Of course, if service_now's "description" is free text and does not follow a predefined pattern as to how they match title in crowdstrike, you will need to use the second matching strategy. However, the calculation will be even more expensive than just eventstats suggested by @bowesmana . Let us know if you are this unfortunate.
I have used a technique which can work, depending on data volumes and cardinality. Using append to collect both datasets together, then you can use
| eventstats values(cs_title) as titles
| eval titles=if(isnotnull(cs_title), null(), titles)

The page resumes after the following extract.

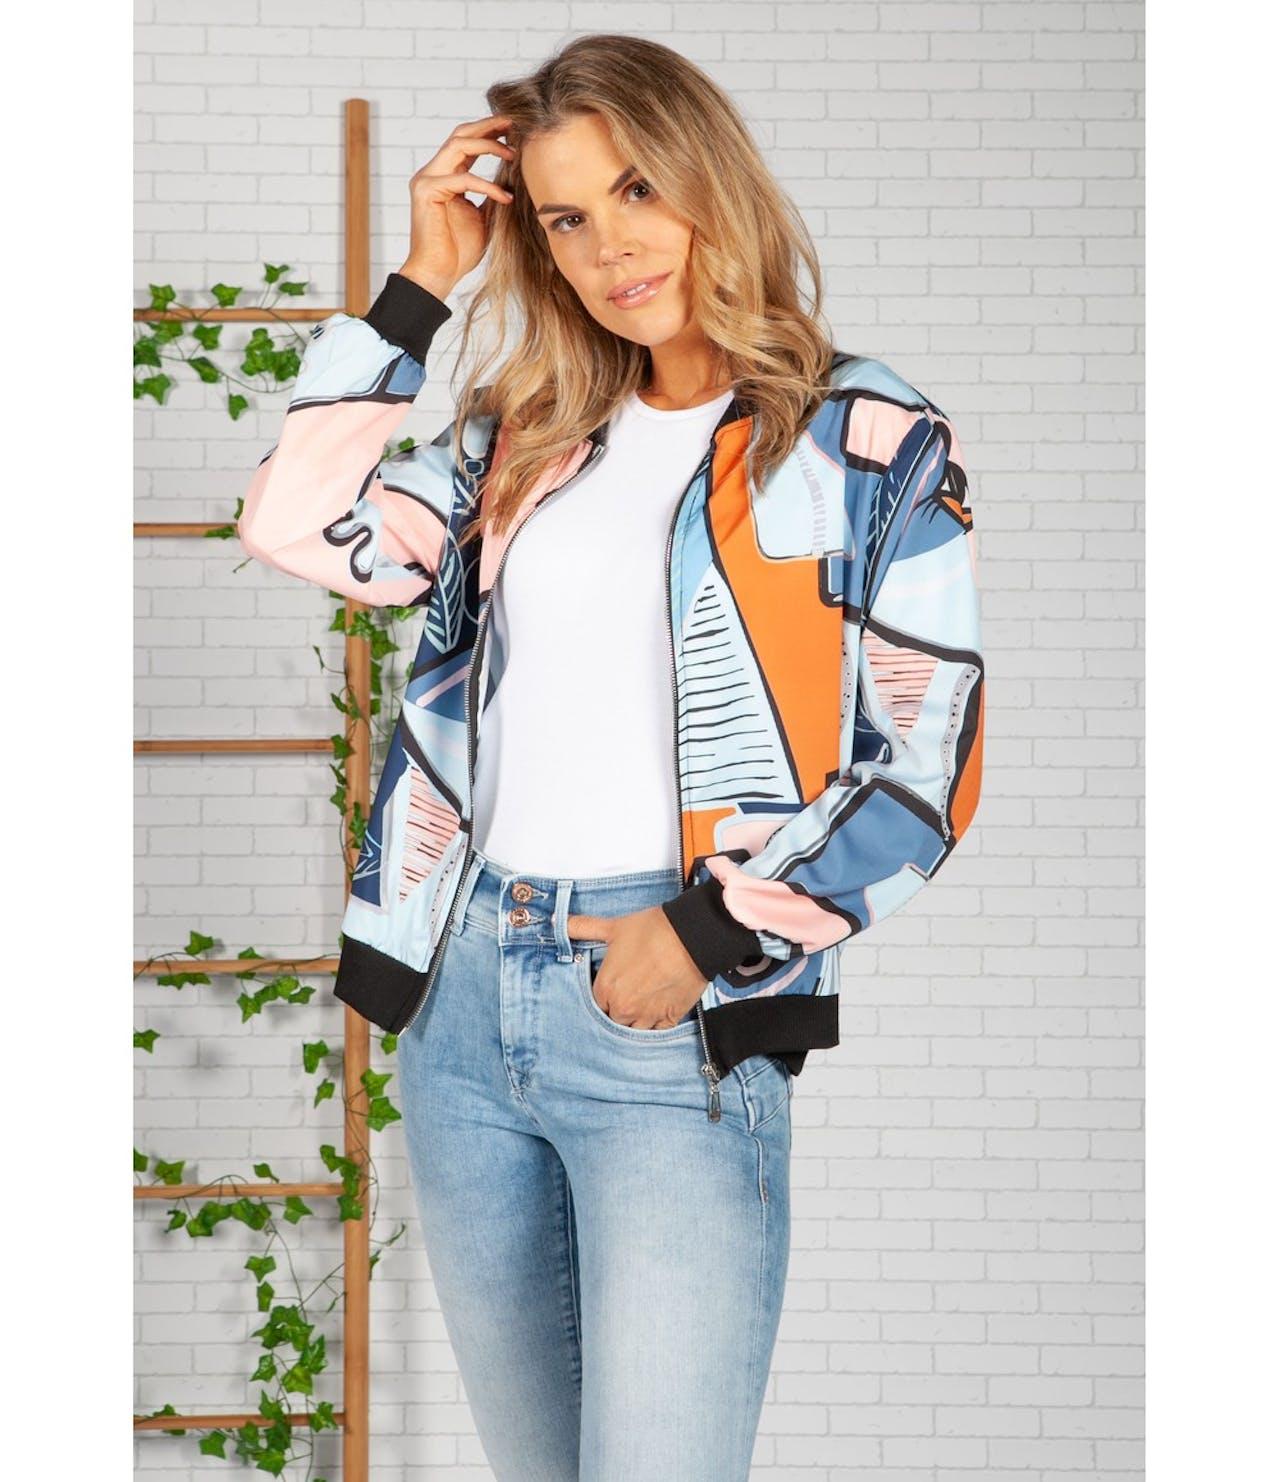 Zapara Blue Picasso Bomber Jacket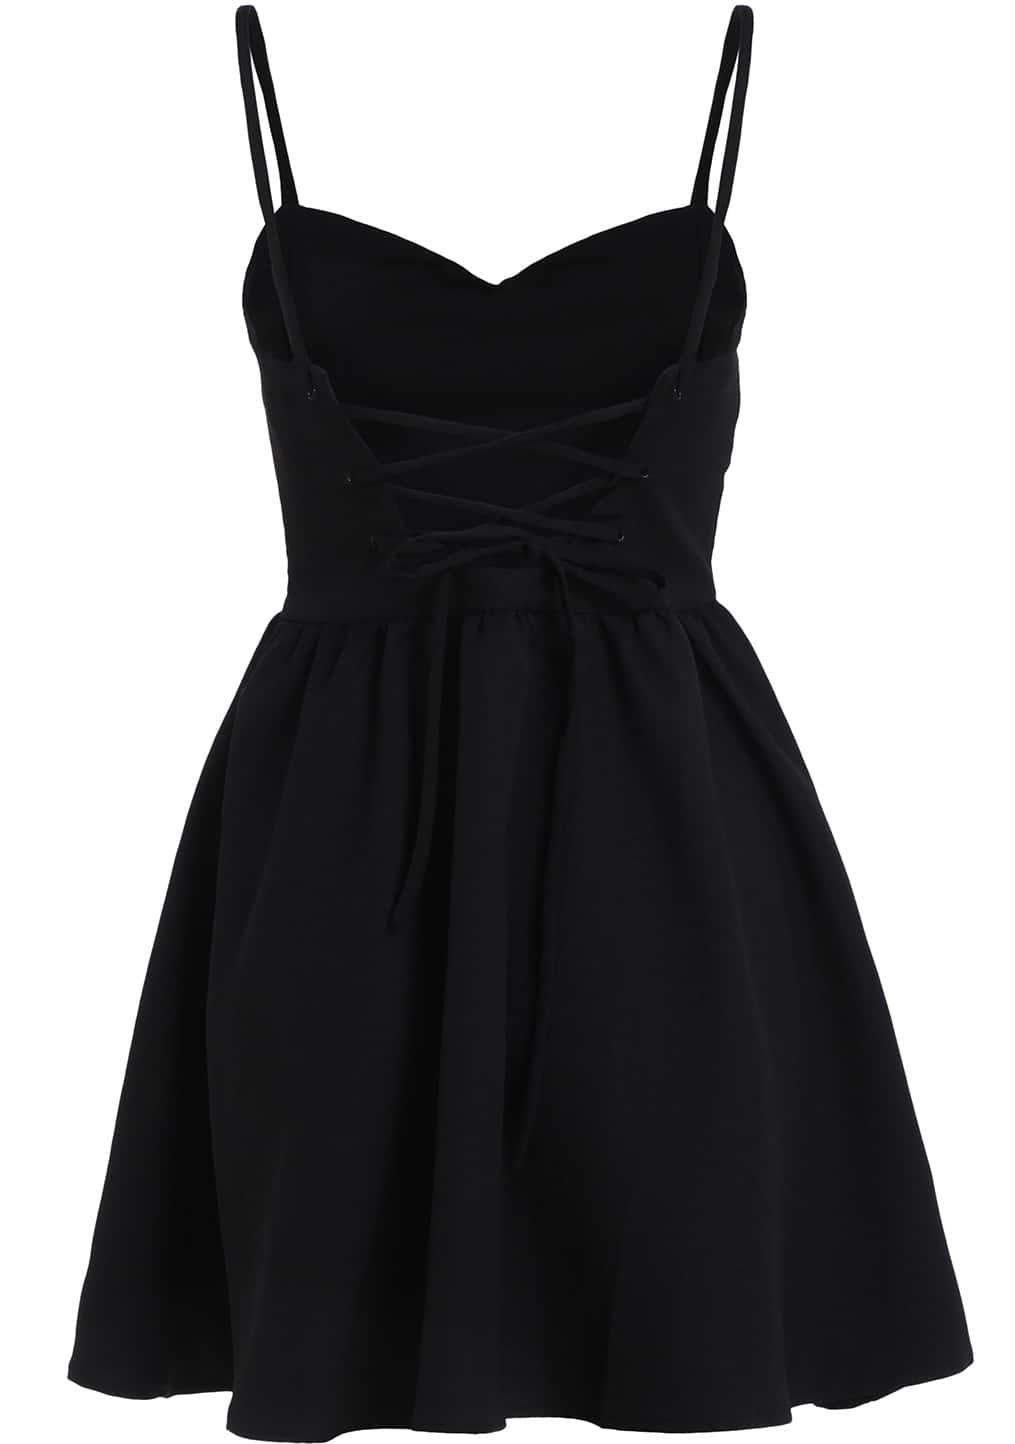 Black Spaghetti Strap Backless Flare Dress Shein Sheinside

which will collect ALL titles in q1 into every event from q2 - it collects every title to every event then drops the field from q1 events. What this is doing it to push all titles into a field for all q2 events which can then be matched against, a bit like a dynamic runtime lookup.
and then you can follow that with a match, e.g.
| eval matching_title=mvmap(titles, if(match(description, "(?i)".titles), titles, null()))
| fields - titles
which will set a new field matching_title which will be non-null if a match can be found - NB- it will do case insensitive match.
This can use a lot of memory if you have lots of titles, but works.
Note that there are some other optimisations you should do in your Q1 - ALWAYS limit the fields you want in the expanded events before using mvexpand. Particulary, make sure you exclude _raw as _raw JSON is generally always unnecessary and will be duplicated for every expanded event.
You should not need to use mvsort on a field that has come from stats values(), as the output from values is always sorted.
1. Since you're trying to join on a key field and you set this field to be equal to 1 everywhere (for every event in both sets) it will definitely not work properly.
2. Join is generally a limited command which should be avoided if possible.
3. @livehybrid 's idea with append might be OK but if you had only streaming command you could use multisearch instead
4. But generally what you're trying to do is not available as such. You can't "join" by partial text matching. The only way of achieving something similar to what you're trying to do would be to create a lookup definition with a wildcard match type and then do two separate searches. With one search you'd create a set of patterns and output them to a lookup. And then with a separate search you'd use that lookup for matching. But it will not be efficient. Splunk will need to try to match each lookup entry to each event so you'd have O(m*n) complexity.
Hi @JandrevdM
Im not usually a fan of append however could work here if your appended query has less than 50,000 results.
Not currently on a proper browser so hard to write out, but If both have the shared field "short_description" then you can do something like:
`query_1`
| append [`query_2`]
| stats values(*) as * by short_description
You could then use a where command to filter out anything which does not have a values in the expected fields leaving just those which are present in both.
🌟 Did this answer help you? If so, please consider:
Your feedback encourages the volunteers in this community to continue contributing
Thank you for the assistance, unfortunately I do not have a shared field and did try append.
"falcon_spotlight.remediation.entities{}.title" will contain "Update Nvidea Geforce"
And description might contain the same as the title but have more information,
"March - Low Update Nvidea Geforce"
I event tried to remove certain words to make a matching filed but that will not be a proper solution
So it is more a if search 2 description contains the title and not match.